:: Exercise objective ::
Restate word for word the lines below from the one that has "Alcott Hundezubehör Online Shop, Bild 1" through the one that has "Saim Creative Plastic", keeping both and dropping all pictures.
*** Opening of Data for analysis ***
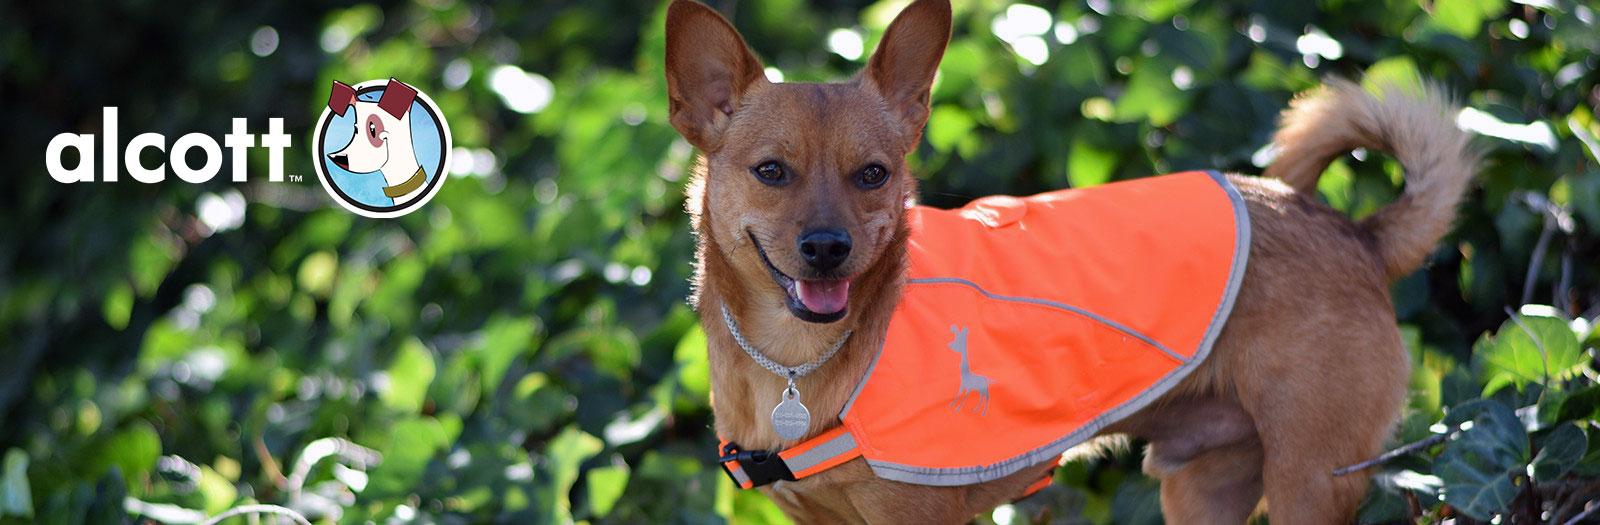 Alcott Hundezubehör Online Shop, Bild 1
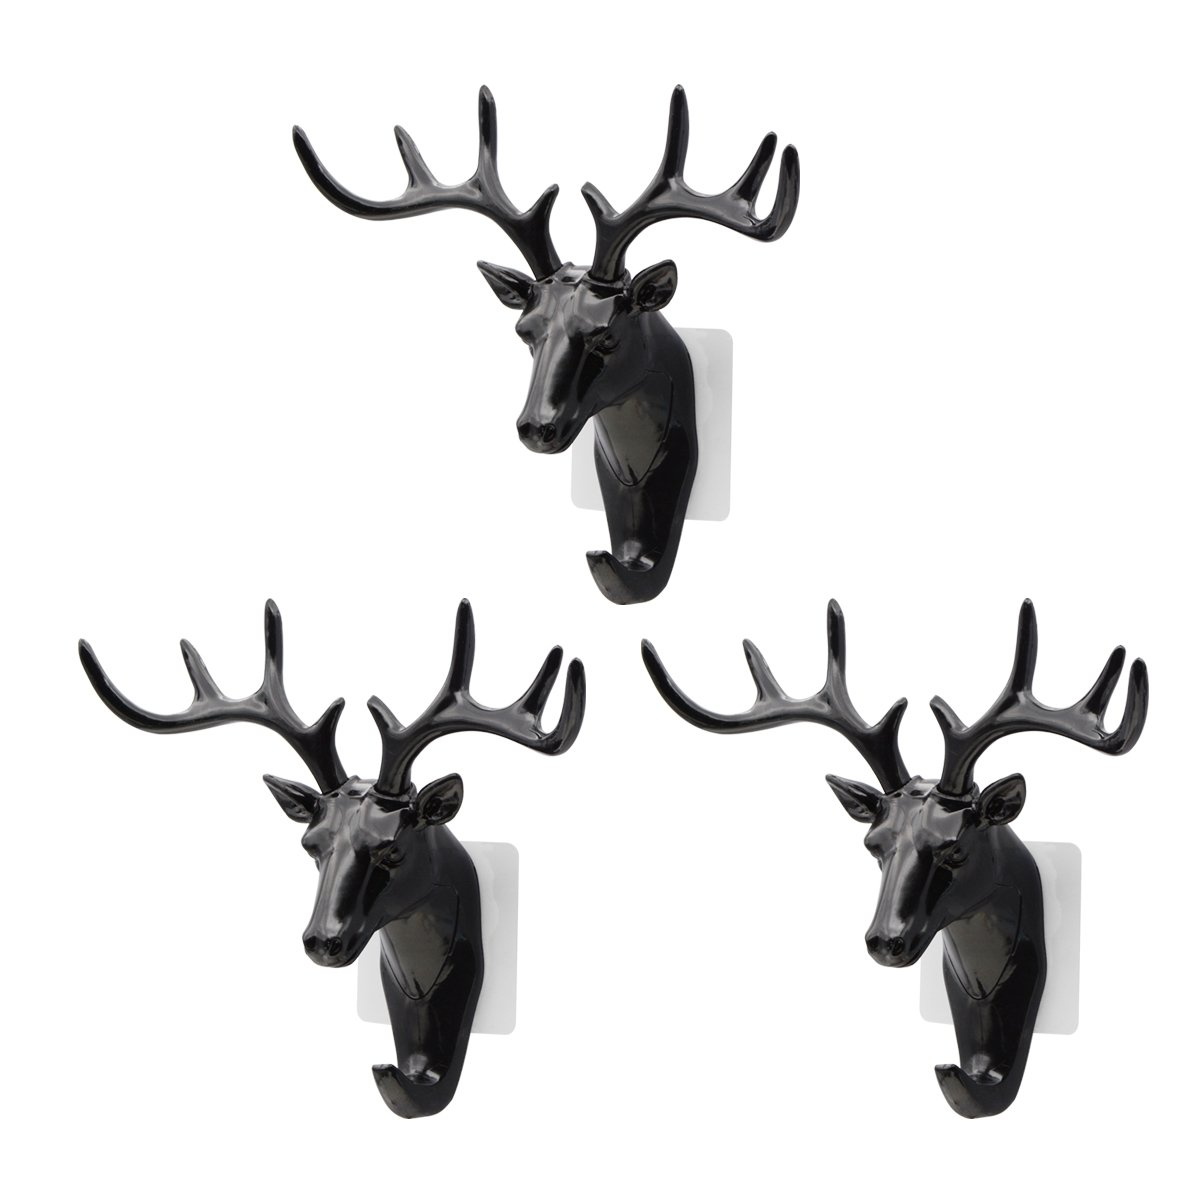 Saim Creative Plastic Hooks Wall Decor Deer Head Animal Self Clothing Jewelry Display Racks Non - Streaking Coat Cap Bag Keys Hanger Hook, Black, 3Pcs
*** Close of Data for analysis ***
*** Opening of Data for analysis ***
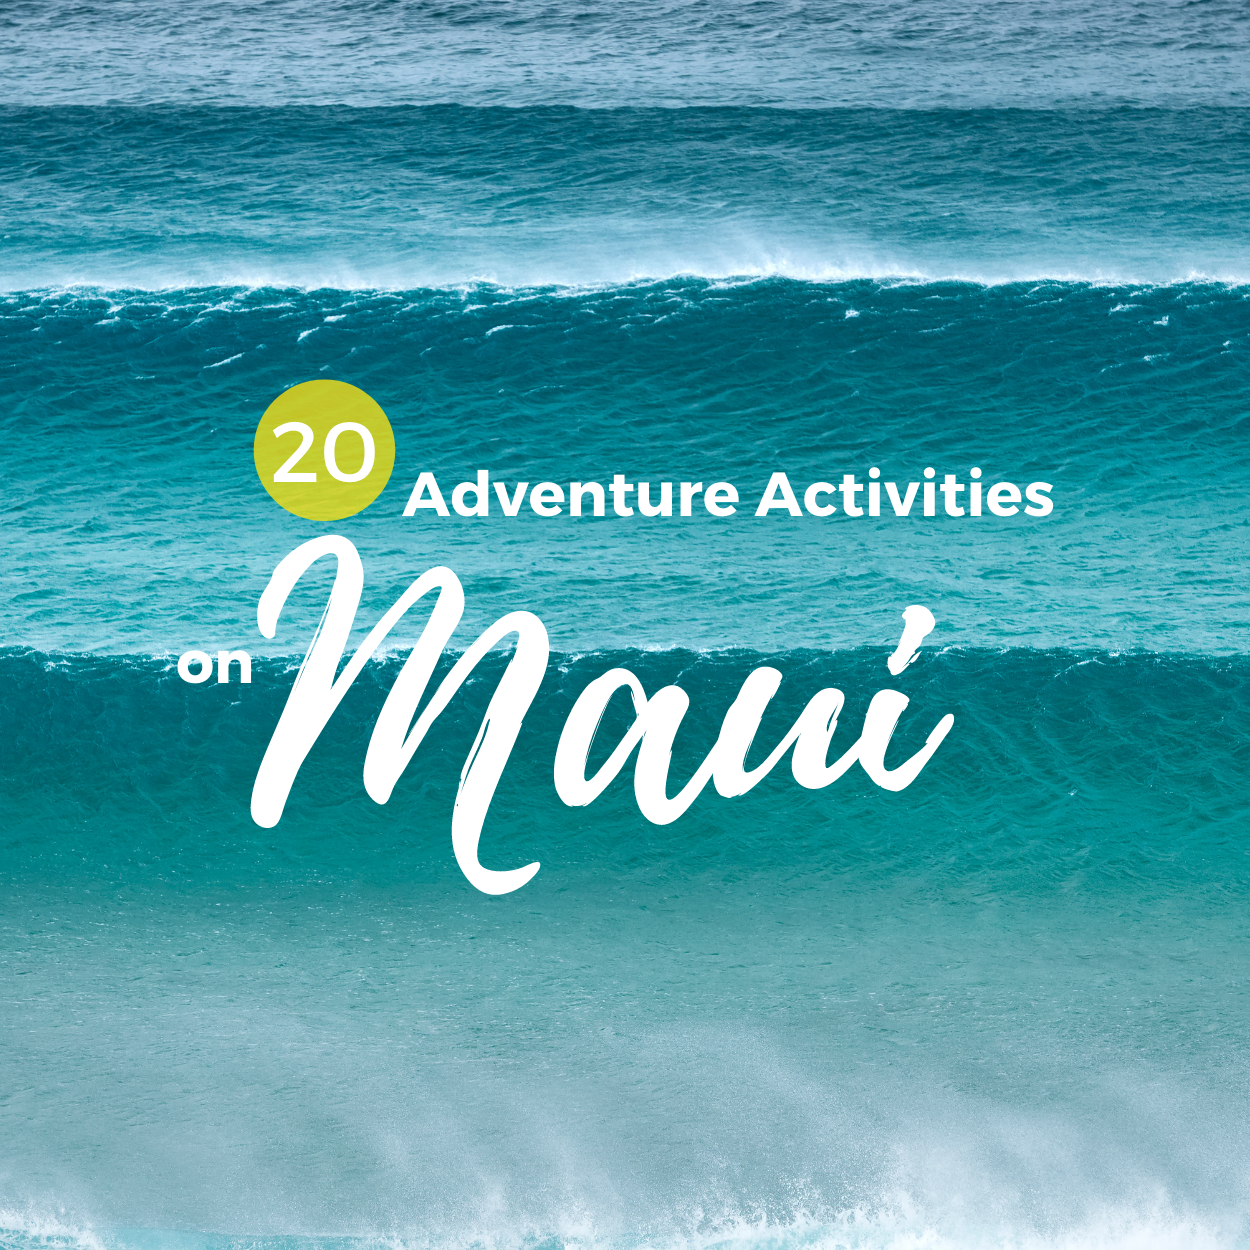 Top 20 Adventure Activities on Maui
*** Close of Data for analysis ***
*** Opening of Data for analysis ***
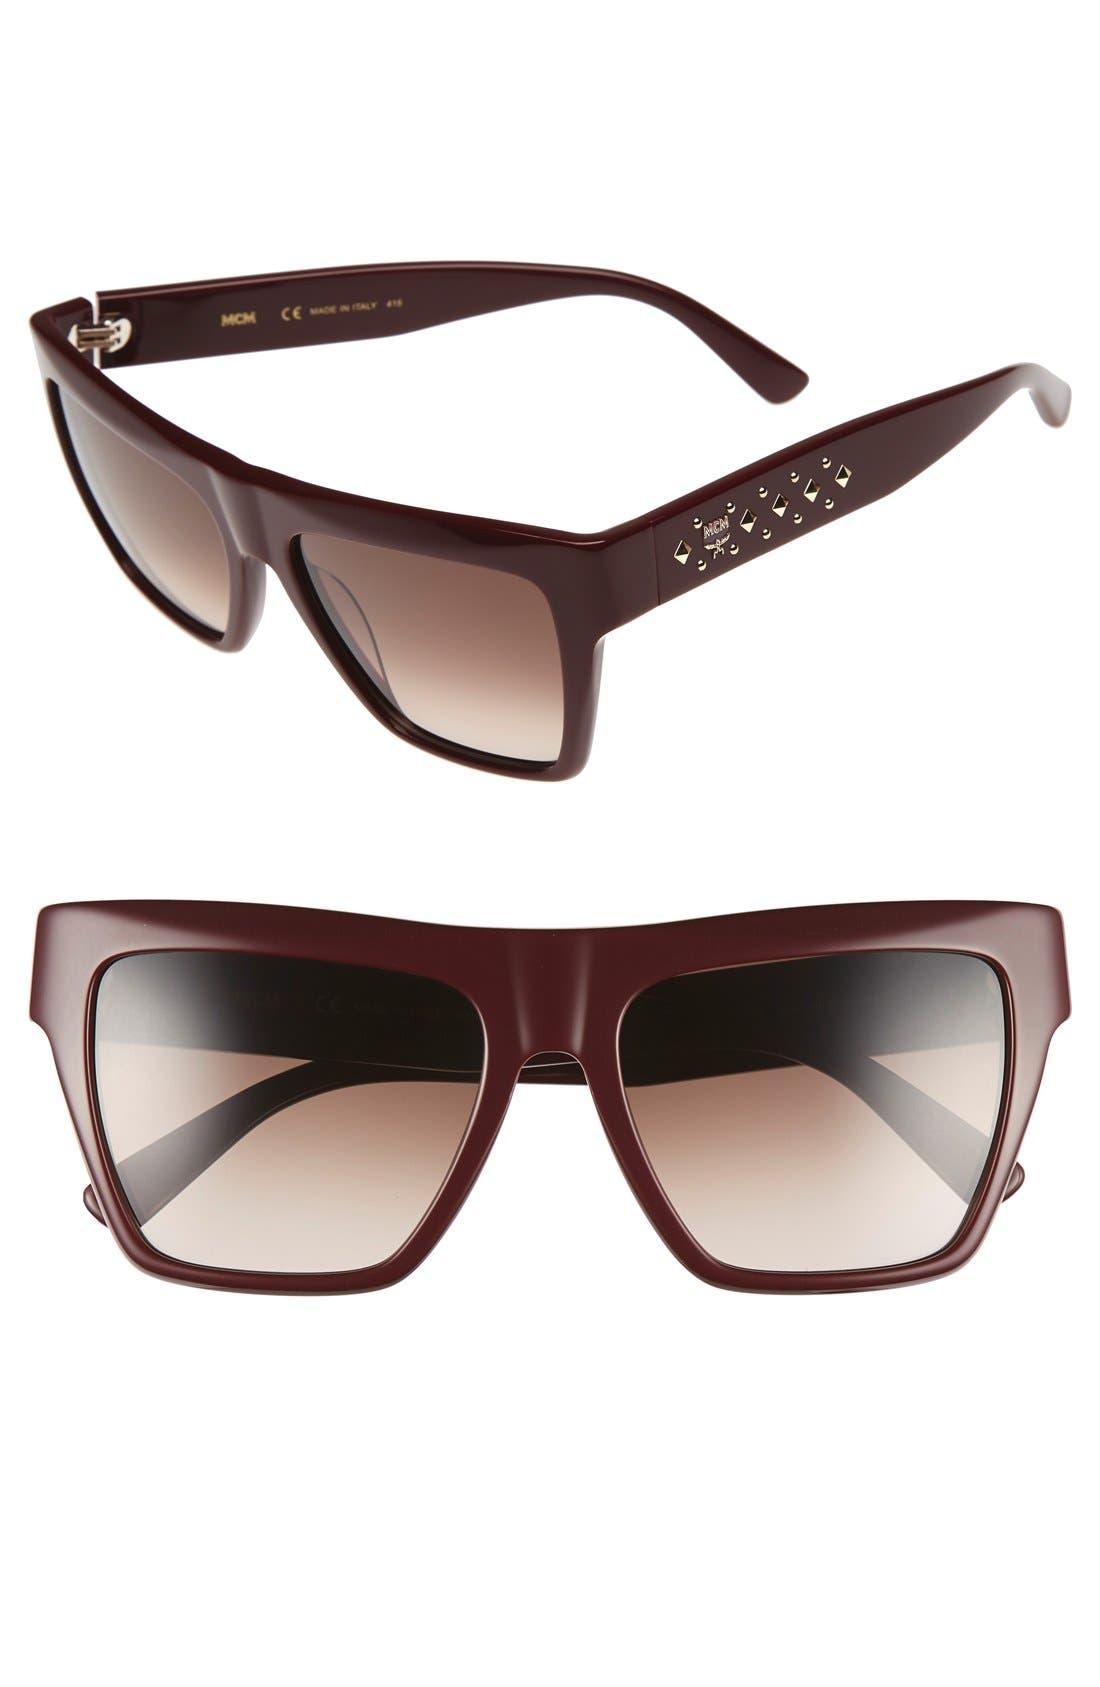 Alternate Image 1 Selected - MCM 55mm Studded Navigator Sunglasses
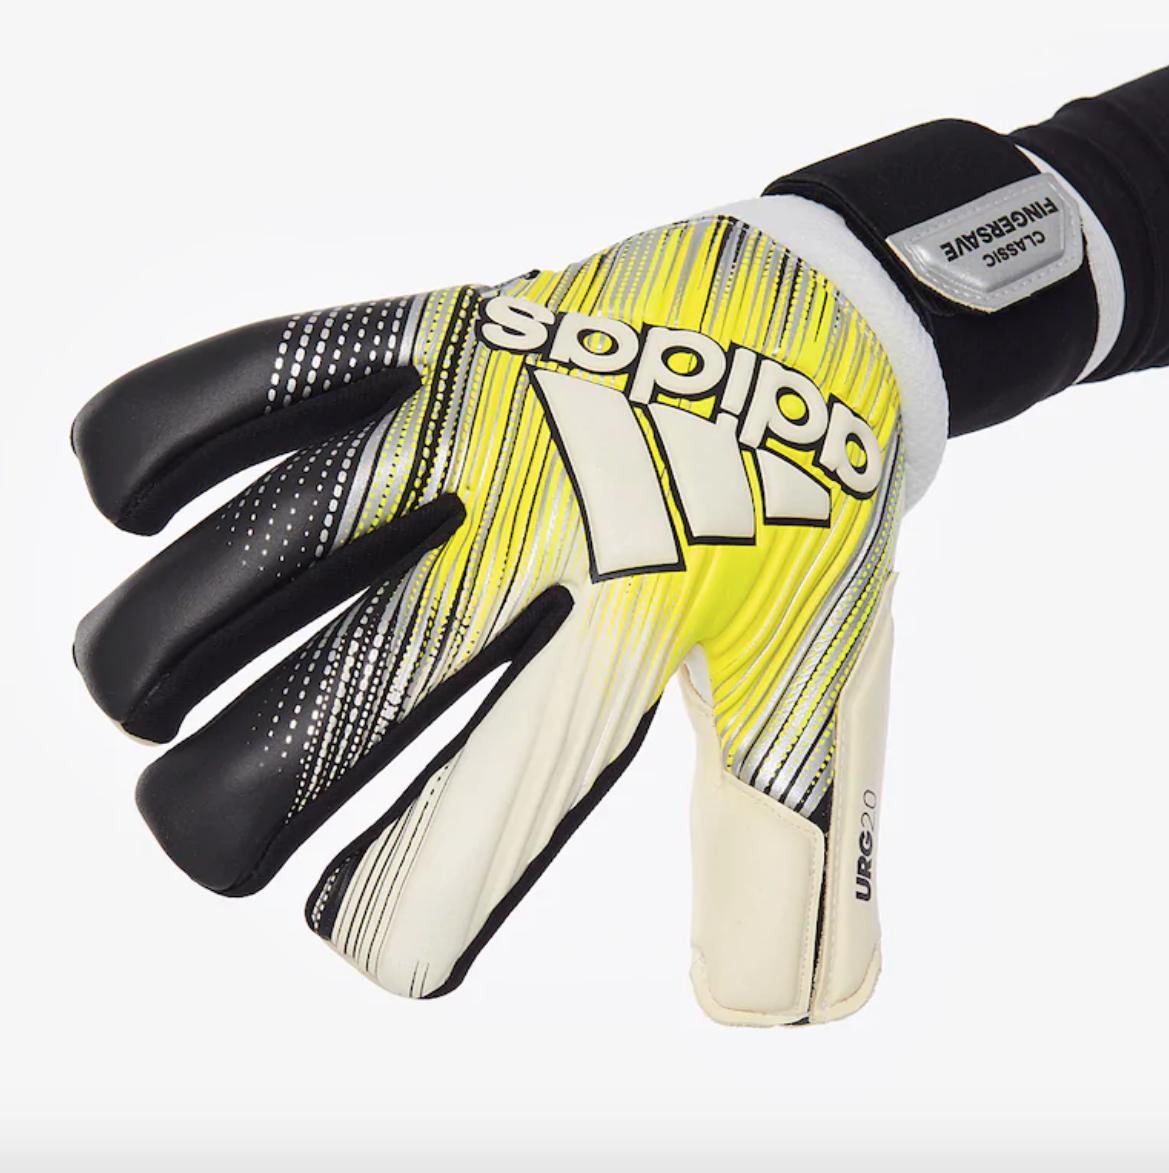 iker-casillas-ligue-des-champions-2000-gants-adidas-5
*** Close of Data for analysis ***
:: Your response ::
 Alcott Hundezubehör Online Shop, Bild 1
 Saim Creative Plastic Hooks Wall Decor Deer Head Animal Self Clothing Jewelry Display Racks Non - Streaking Coat Cap Bag Keys Hanger Hook, Black, 3Pcs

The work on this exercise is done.